Methods: We harnessed the power of single-cell RNA sequencing in advanced HCC to derive gene expression signatures recapitulating 21 cell phenotypes. These signatures were applied to 422 RNA-sequencing samples of advanced HCC patients treated with atezo+bev (n=317) versus atezolizumab (n=47) or sorafenib (n=58) as comparators.

Results: We unveiled two distinct patterns of response to atezo+bev. First, an immune-mediated response characterized by the combined presence of CD8+ T effector cells and pro-inflammatory CXCL10+ macrophages, representing an immune rich microenvironment. Second, a non-immune, angiogenesis-related response distinguishable by a reduced expression of the VEGF co-receptor neuropilin-1 (NRP1), a biomarker that specifically predicts improved OS upon atezo+bev vs sorafenib (p = 0.039). Primary resistance was associated with an enrichment of immunosuppressive myeloid populations, namely CD14+ monocytes and TREM2+ macrophages, and Notch pathway activation. Based on these mechanistic insights we define "Immune-competent" and "Angiogenesis-driven" molecular subgroups, each associated with a significantly longer OS with atezo+bev versus sorafenib (p of interaction = 0.027), and a "Resistant" subset.

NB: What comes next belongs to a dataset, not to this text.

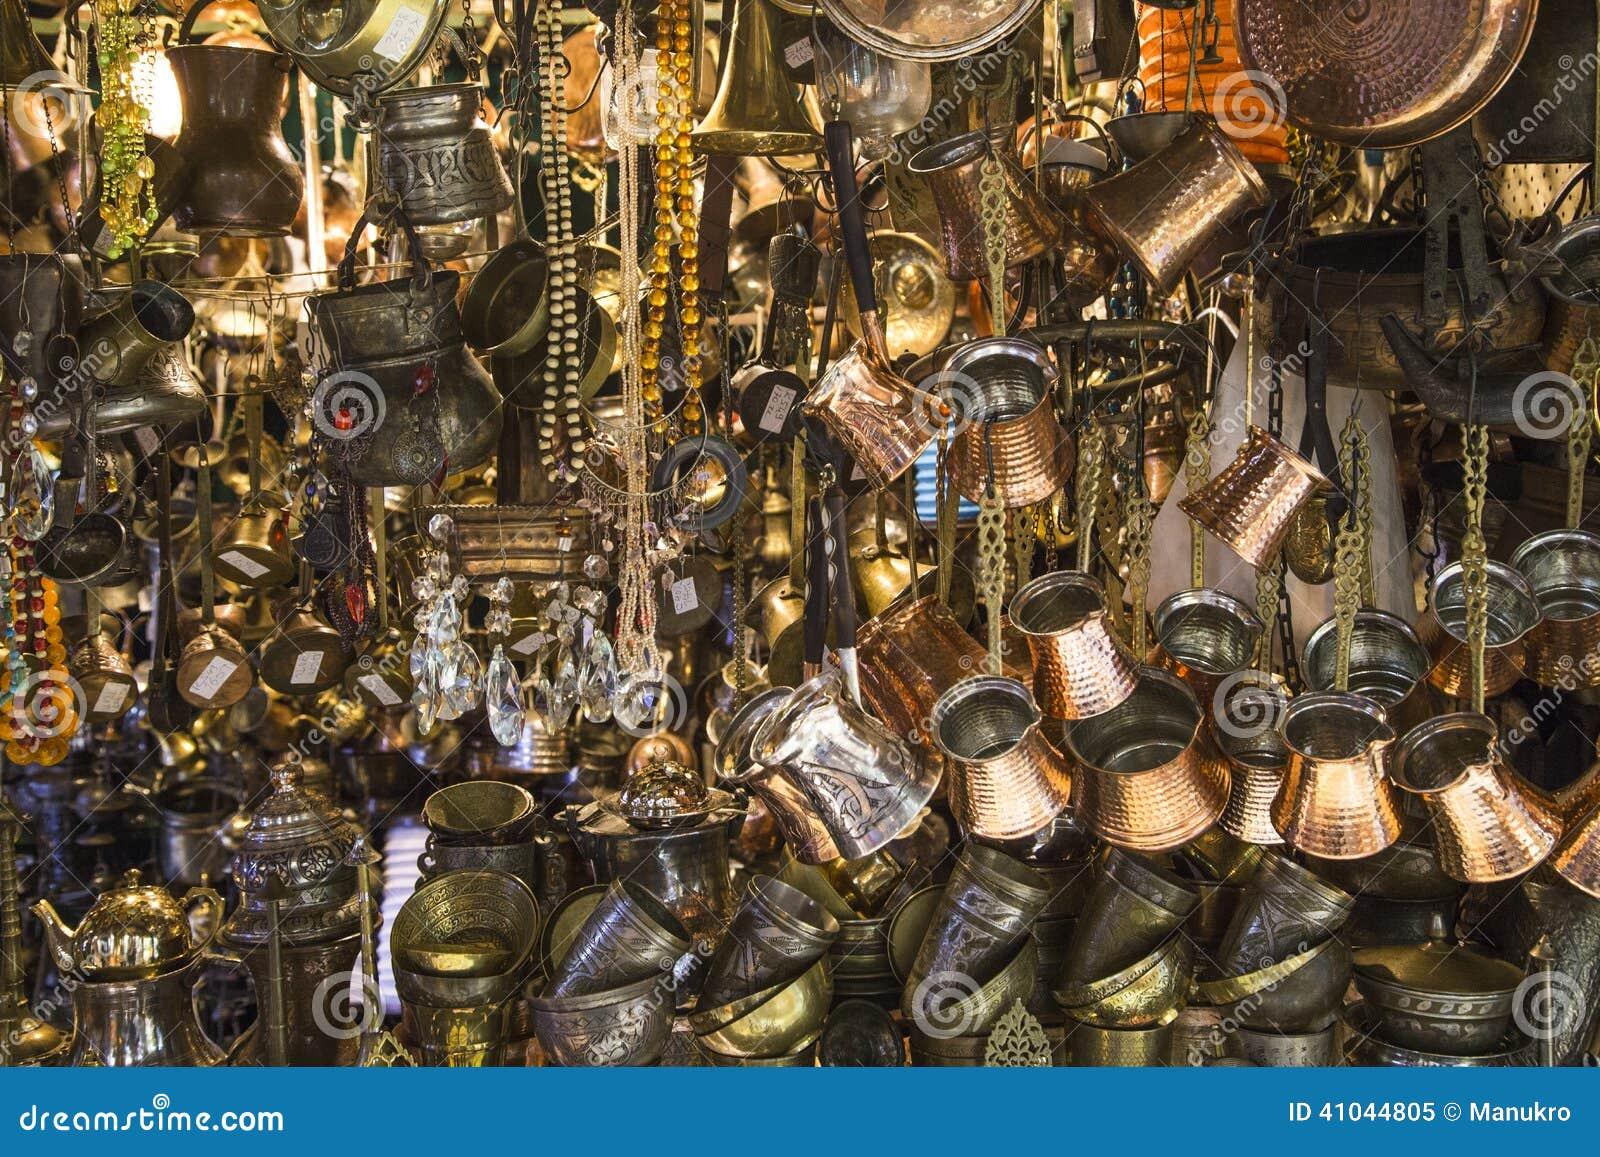 Golden jewelry in the grand bazaar

Conclusion: Our study unveils two distinct molecular subsets of clinical benefit to atezolizumab plus bevacizumab in advanced HCC ("Immune-competent" and "Angiogenesis-driven") as well as the main traits of primary resistance to this therapy, thus providing a molecular framework to stratify patients based on clinical outcome and guiding potential strategies to overcome resistance.

Keywords: Advanced Hepatocellular Carcinoma; Atezolizumab and bevacizumab; Biomarkers of Response; Primary Resistance; Single-Cell RNA-Sequencing.